◆ Provided material
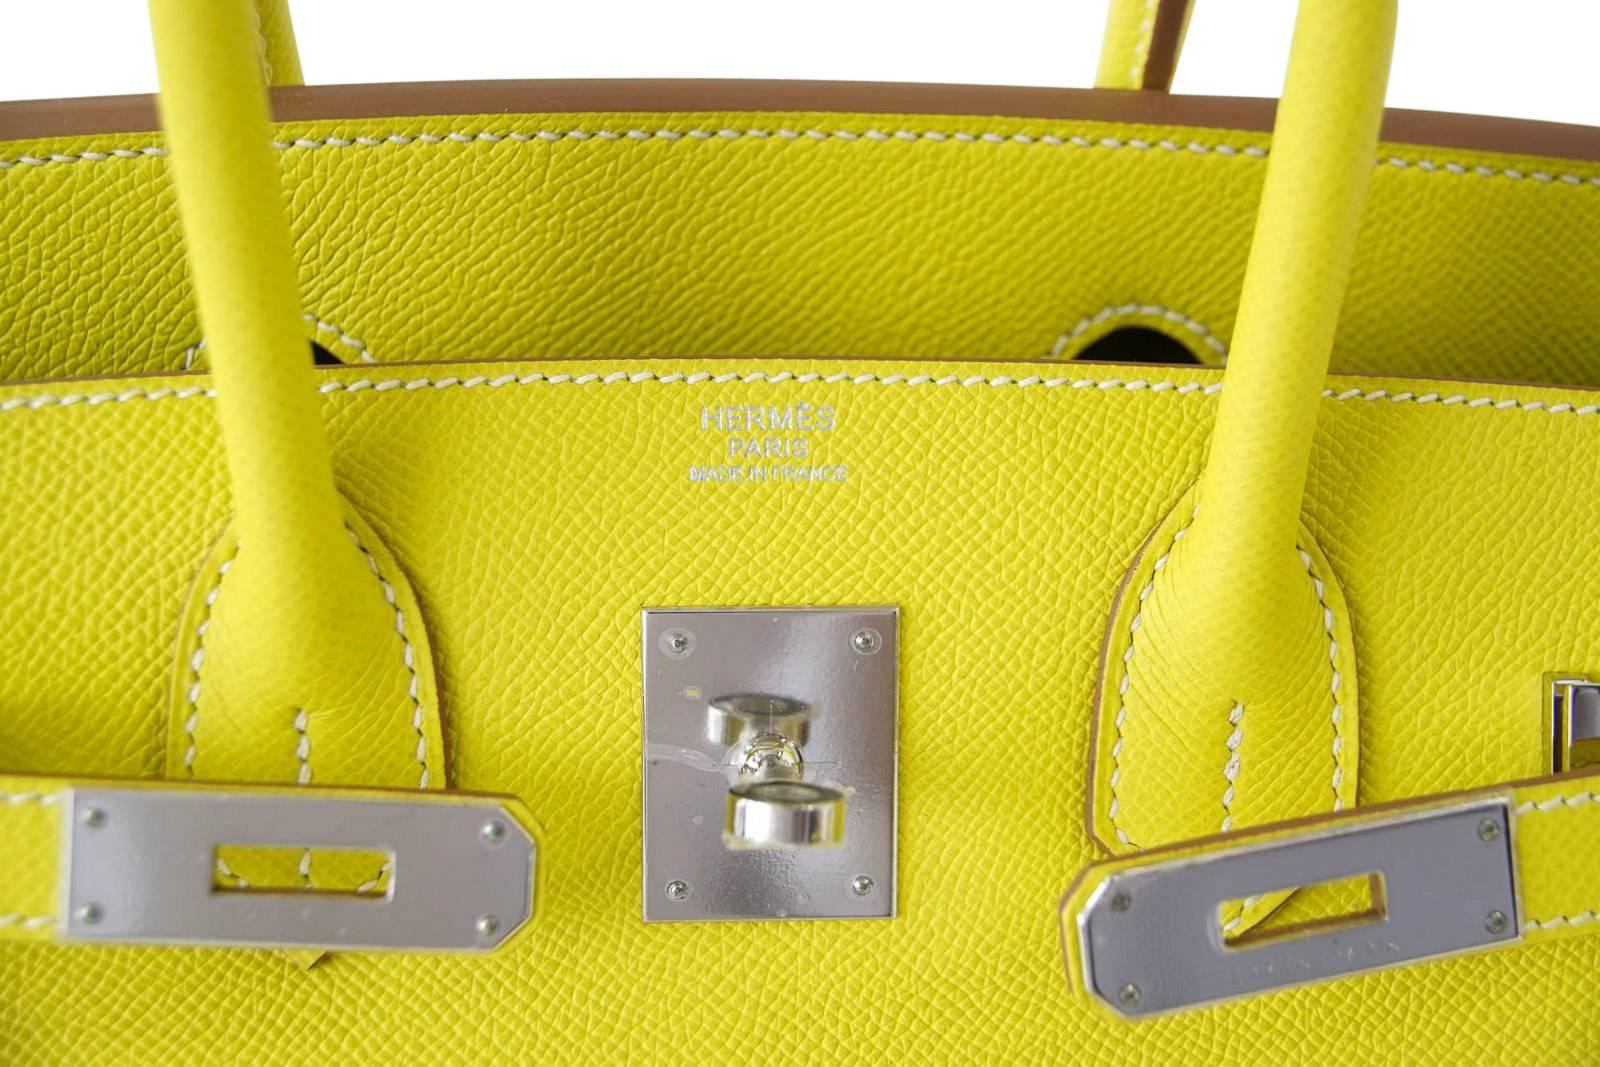 Guaranteed authentic exquisite Hermes 30 Birkin bag rare Limited Edition Lime Candy with Gris Perle interior.  
Fresh with Palladium hardware and Epsom leather.
NEW or NEVER WORN
Comes with the lock and keys in the clochette, sleepers, raincoat

◆ Aim of the task
Leaving out the pictures, repeat the data above exactly.

◆ Answer
 Guaranteed authentic exquisite Hermes 30 Birkin bag rare Limited Edition Lime Candy with Gris Perle interior.  
Fresh with Palladium hardware and Epsom leather.
NEW or NEVER WORN
Comes with the lock and keys in the clochette, sleepers, raincoat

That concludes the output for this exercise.